Les pays membres de l’OCDE ont récemment reconnu l’importance des complémentarités au travers de la Recommandation du Conseil sur l’investissement public efficace entre niveaux de gouvernement (OCDE, 2014). Cette Recommandation souligne l’importance de la coordination des stratégies d’investissement public (qu’il s’agisse d’infrastructures matérielles, comme les routes, ou immatérielles, comme le capital humain) afin de tirer le meilleur parti des ressources. Il est en outre recommandé aux pouvoirs publics de rechercher des relations de complémentarité et de réduire les conflits entre stratégies sectorielles. Aux niveaux supérieurs de l’administration publique, ces complémentarités peuvent être favorisées par : i) le recours à des cadres stratégiques pour l’investissement public dans le but d’assurer la concordance des objectifs entre ministères et entre niveaux d’administration ; et ii) la réduction des obstacles administratifs grâce à des mécanismes de coordination tels que des comités et des programmes interministériels, entre autres, et à l’harmonisation des règles régissant les programmes. Les pouvoirs publics peuvent aussi créer des fonds d’investissement conjoints, qui mettent en commun des ressources provenant de plusieurs organismes publics ou ministères, de façon à encourager la prise en considération d’une gamme de priorités plus large.

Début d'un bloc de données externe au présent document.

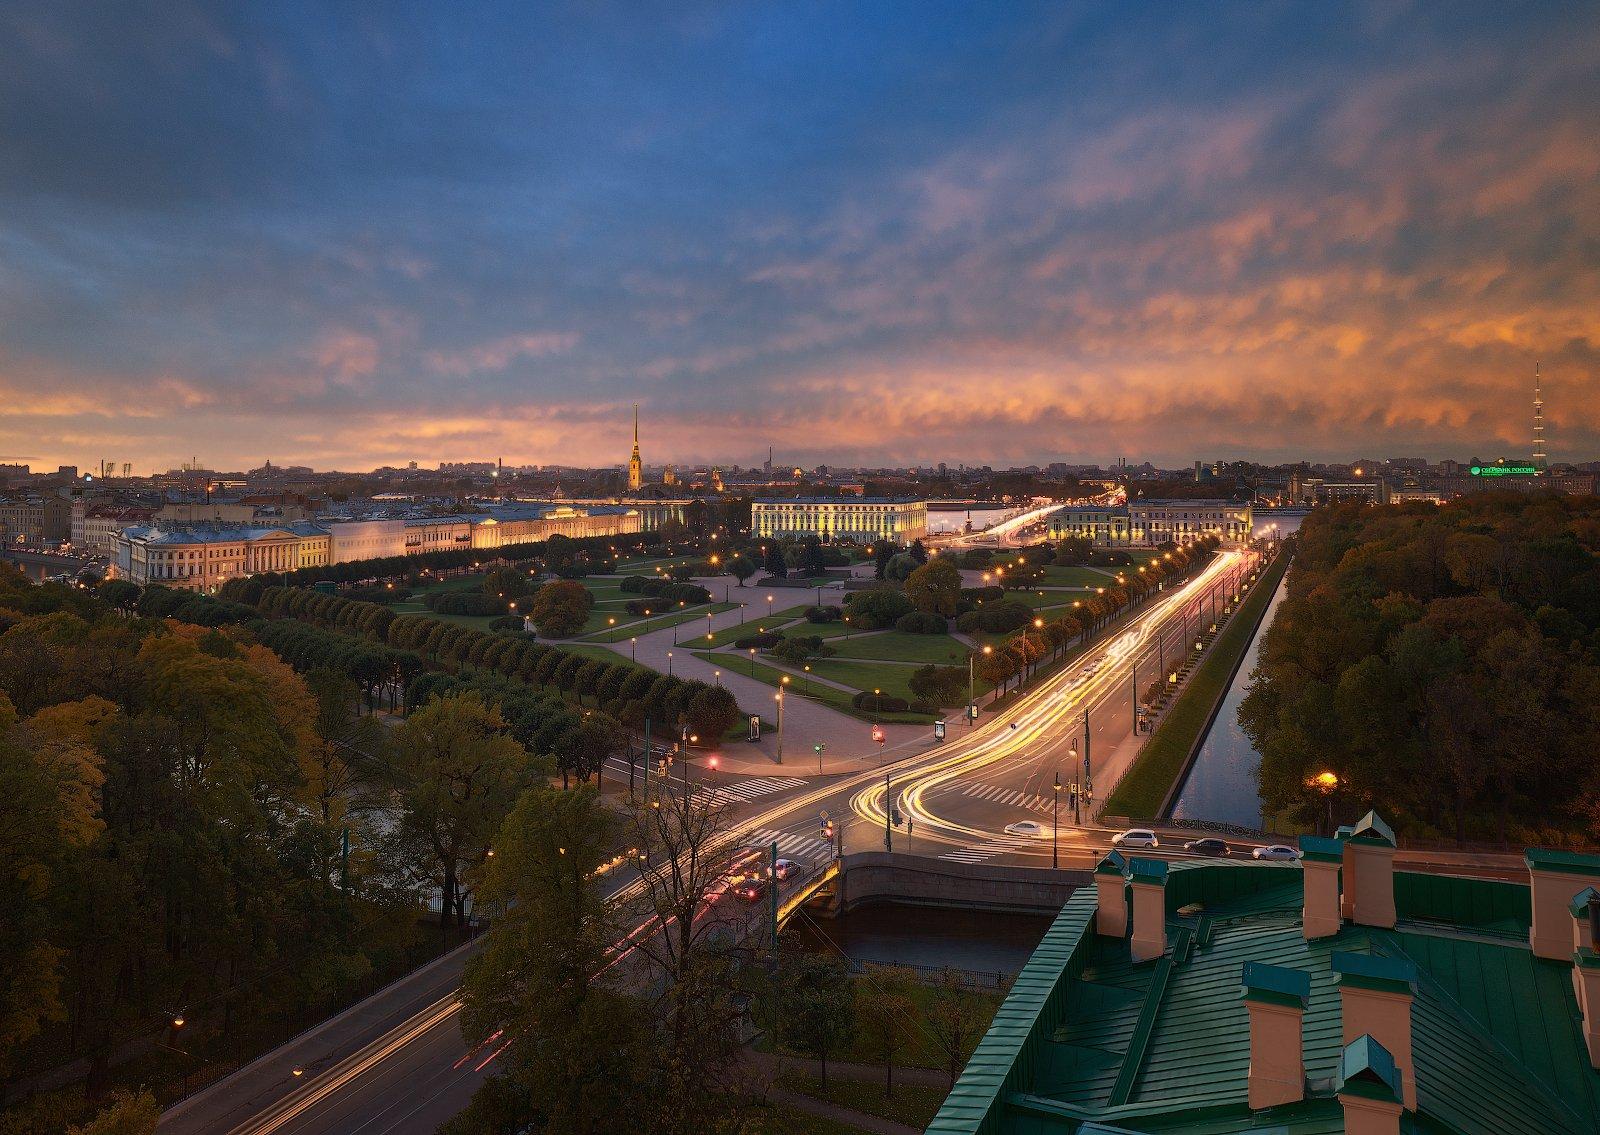 закат санкт-петербург собор поле, Лукс Сергей

Les intérêts institutionnels profondément ancrés peuvent constituer un obstacle à la création de complémentarités. On fait souvent remarquer que les institutions ont une grande force d’inertie, et il en va de même des politiques, puisque celles-ci sont portées par une certaine logique institutionnelle. Pour remédier à ce problème, le recours à de nouvelles mesures pour produire des réformes, établir de nouvelles relations institutionnelles et évaluer leurs retombées pourrait constituer une stratégie. Comme le montrent des données recueillies dans le Massachusetts, de nouveaux programmes peuvent offrir l’occasion d’instaurer des complémentarités, car les acteurs publics sont alors moins installés dans des rôles préexistants (encadré 4.10). Ces programmes peuvent en effet mettre en place de nouvelles méthodes de travail, couvrant différents secteurs ou organismes, et leur évaluation conjointe peut aider à comprendre ce qui fonctionne bien (ou mal) lorsqu’on associe différentes mesures. De façon intéressante, les trois quarts environ des pays de l’UE interrogés par l’OCDE utilisent des indicateurs et des évaluations de leur politique rurale, contre un peu plus de la moitié des pays hors UE (les membres de l’UE font appel à des indicateurs et des principes d’évaluation similaires en raison de leur cadre de partenariat)4. Un projet pilote peut être utile pourménager un espace de collaboration lorsque les acteurs ont tendance à se retrancher derrière leur rôle traditionnel. Si le projet est couronné de succès, cela peut contribuer à mobiliser un soutien en faveur d’une action institutionnelle plus large.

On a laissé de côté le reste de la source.